Watson Studio on Cloud Pak for Data
Version: 6.5.0 Included IBM
Description
The architecture of Watson Studio is centered around the project. Data scientists and business analysts use projects to organize resources and analyze data.
You can have these types of resources in a project:
- Collaborators are the people on the team who work with the data.
- Data assets point to your data that is either in uploaded files or accessed through connections to data sources.
- Operational assets are the objects you create, such as scripts and models, to run code on data.

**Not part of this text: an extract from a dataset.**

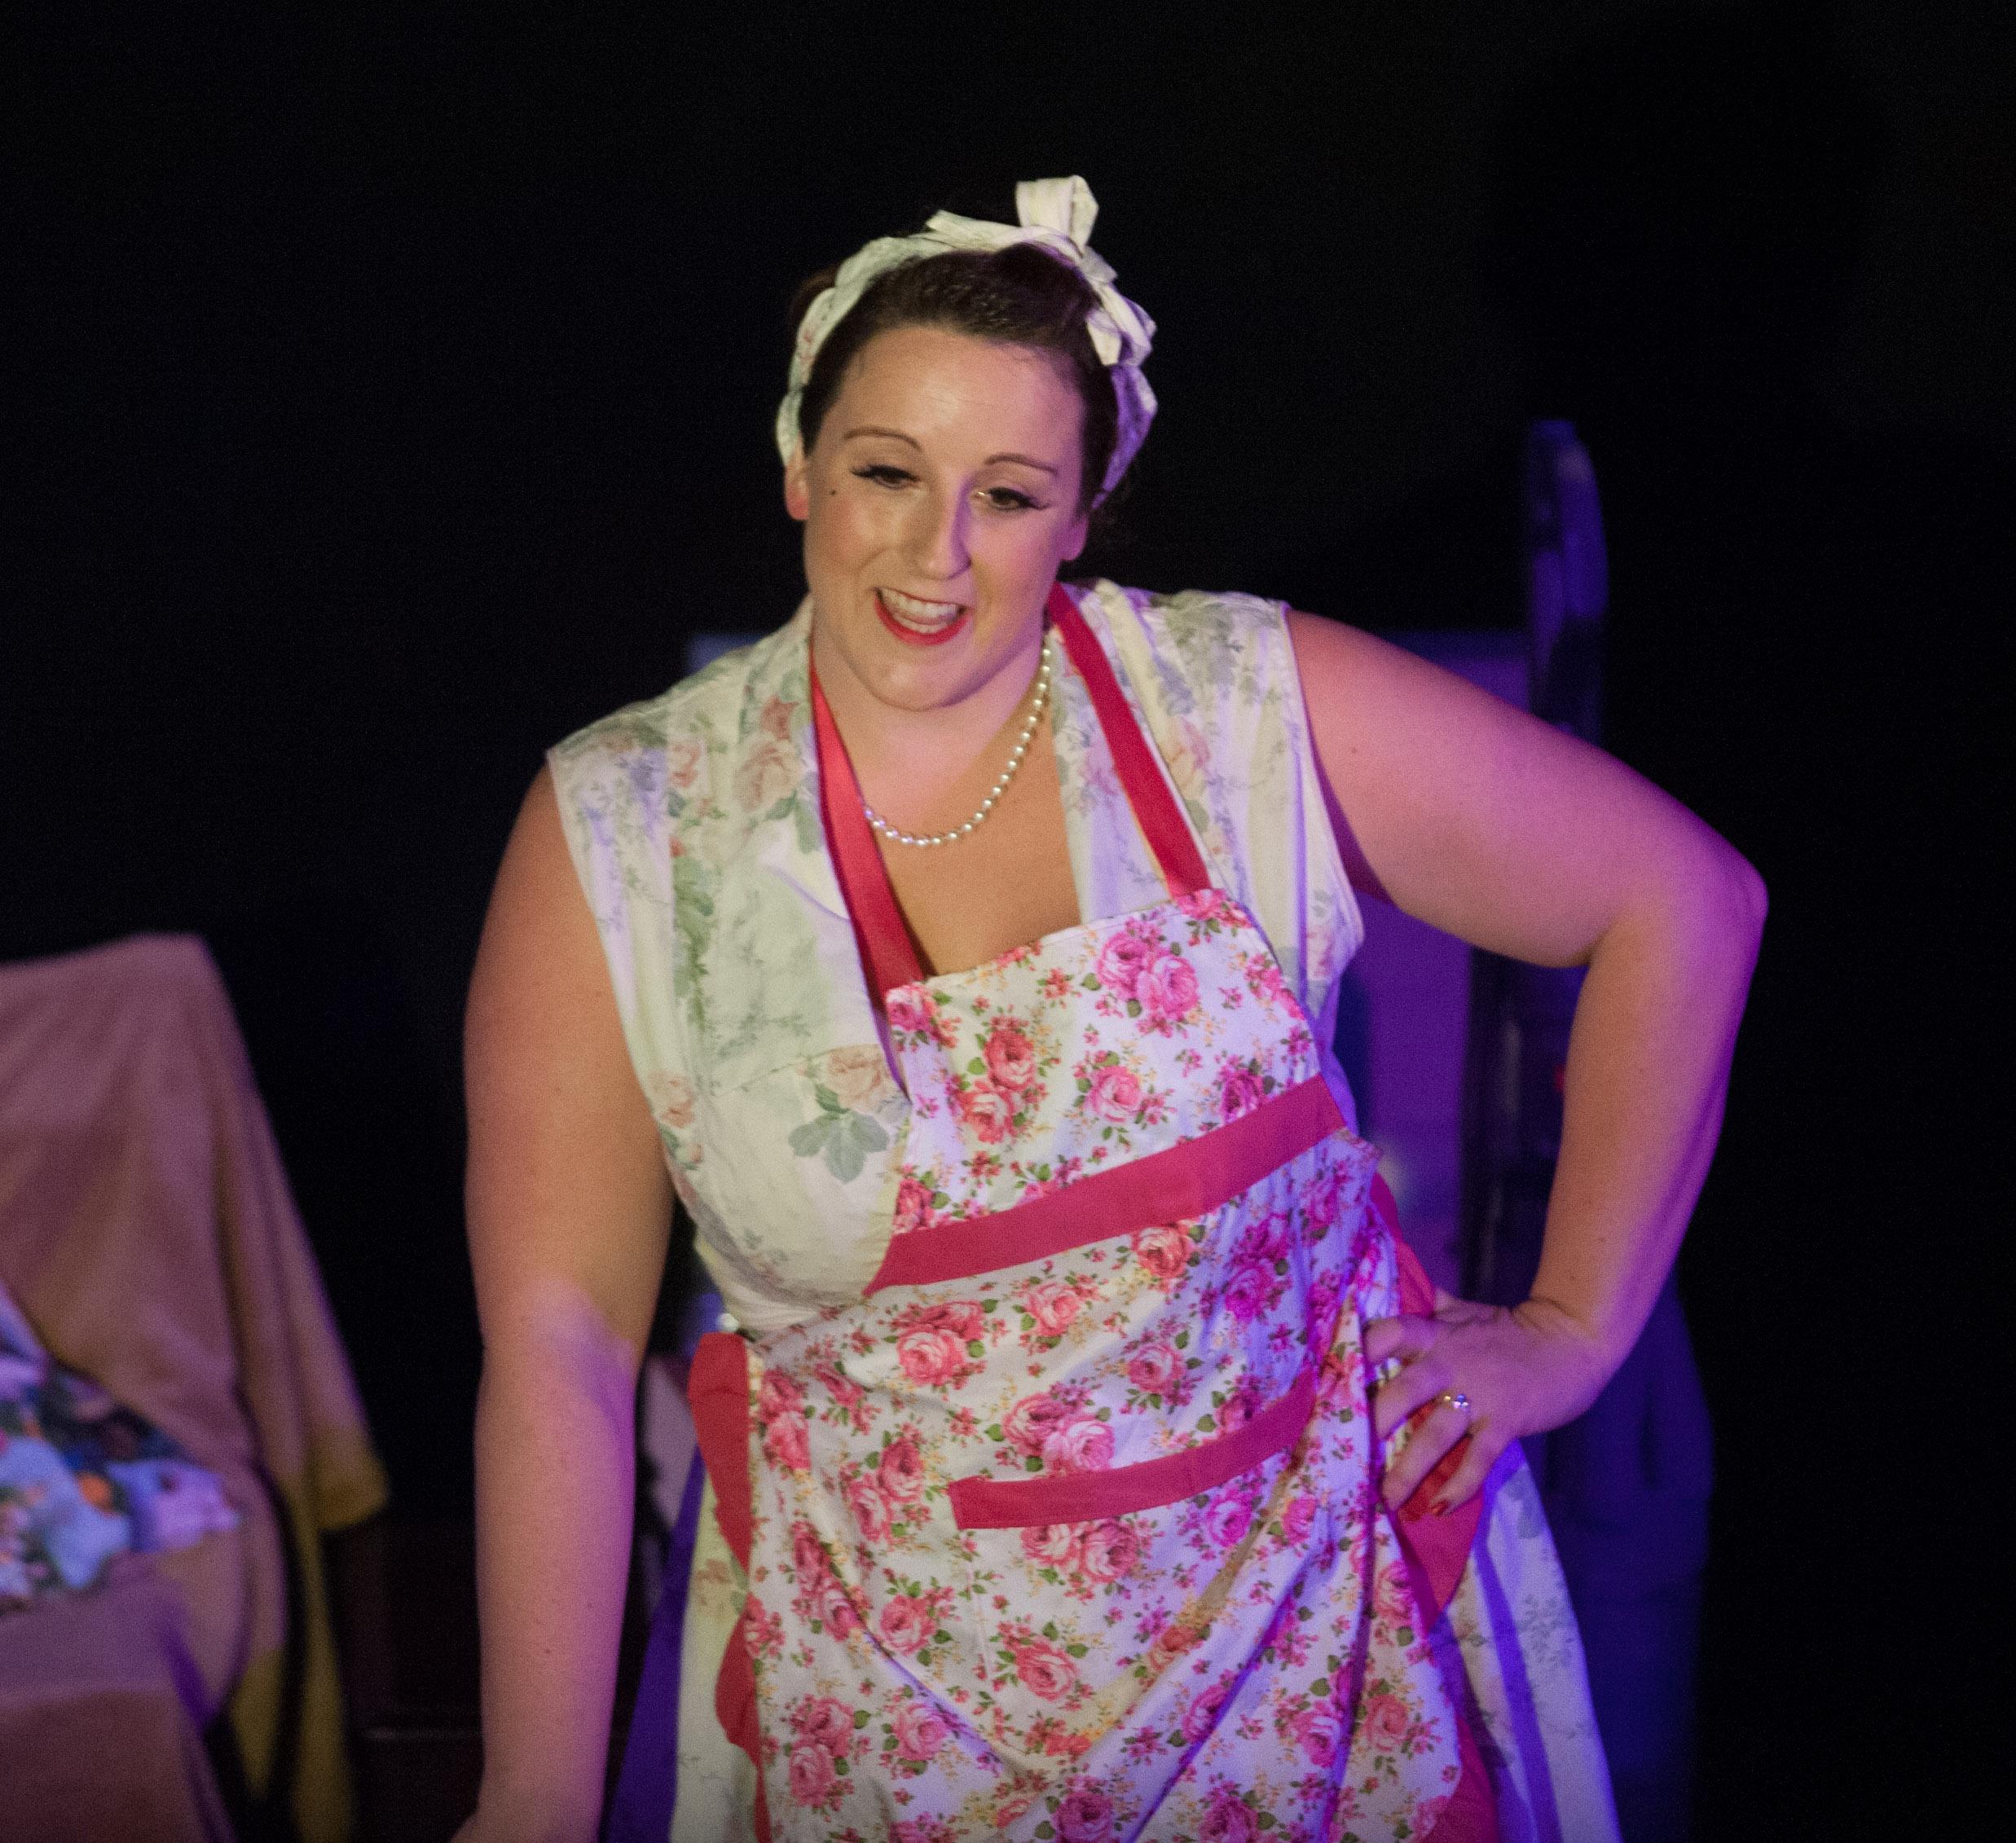 Suburbaret 1: Jessa Belle

- Other types of assets that provide components, templates, or other information.
- Tools are the software you use to derive insights from data. These tools are included with the
Watson Studio service:
- Data Refinery: Prepare and visualize data.
- Jupyter notebook editor: Code Jupyter notebooks.

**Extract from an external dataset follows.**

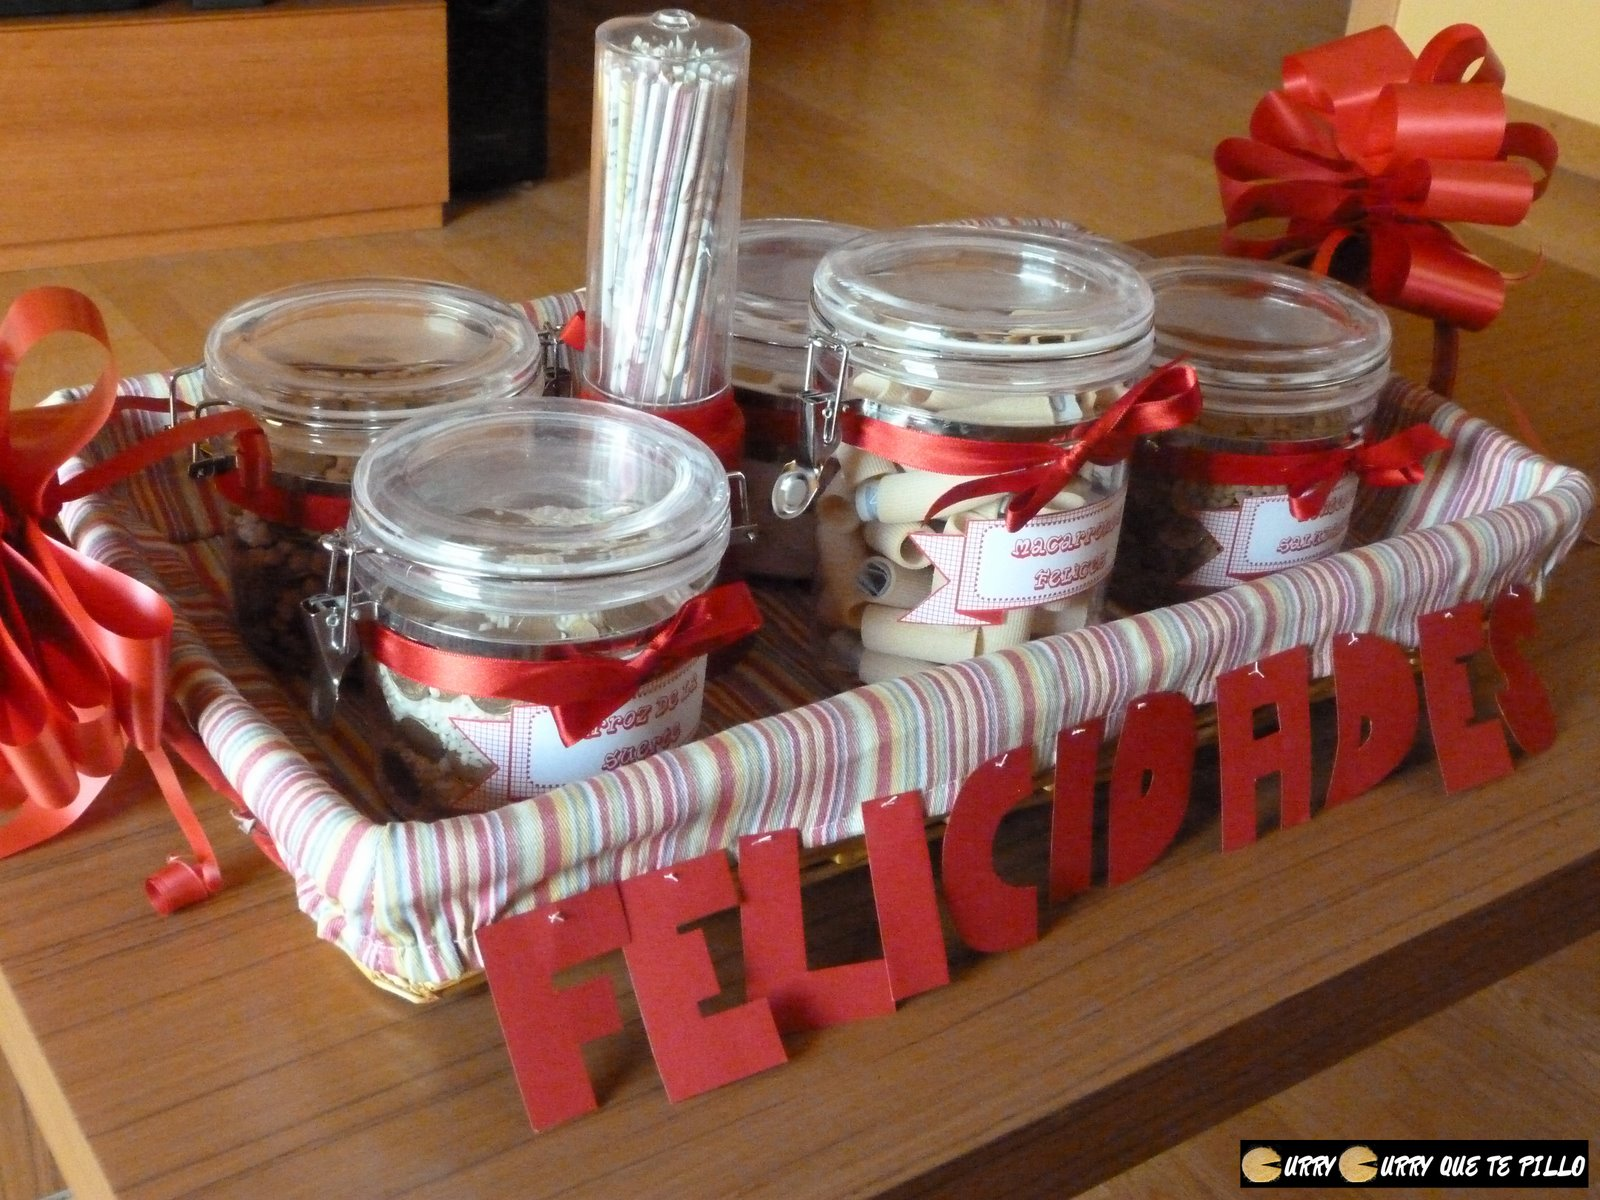 Un regalo de bodas especial y culinario currycurryquetepillo - Manualidades regalo boda ...

- JupyterLab IDE: Code Jupyter notebooks and Python scripts with Git integration. Other project tools require additional services. See the lists of supplemental and related services.
- Federated learning: Train models on remote parties without sharing data.
- Pipelines: Automate end-to-end flows of data or models.
Watson Studio projects fully integrate with the catalogs and deployment spaces:
- Catalogs are provided by the Watson Knowledge Catalog service
- You can easily move assets between projects and catalogs.
- Catalogs and projects support the same types of data assets.
- Data protection rules are enforced on catalog assets that you add to projects.
- Without the Watson Knowledge Catalog service, you can create one catalog without any governance capabilities to share assets between projects.
- Deployment spaces to view and manage model and other types of deployments.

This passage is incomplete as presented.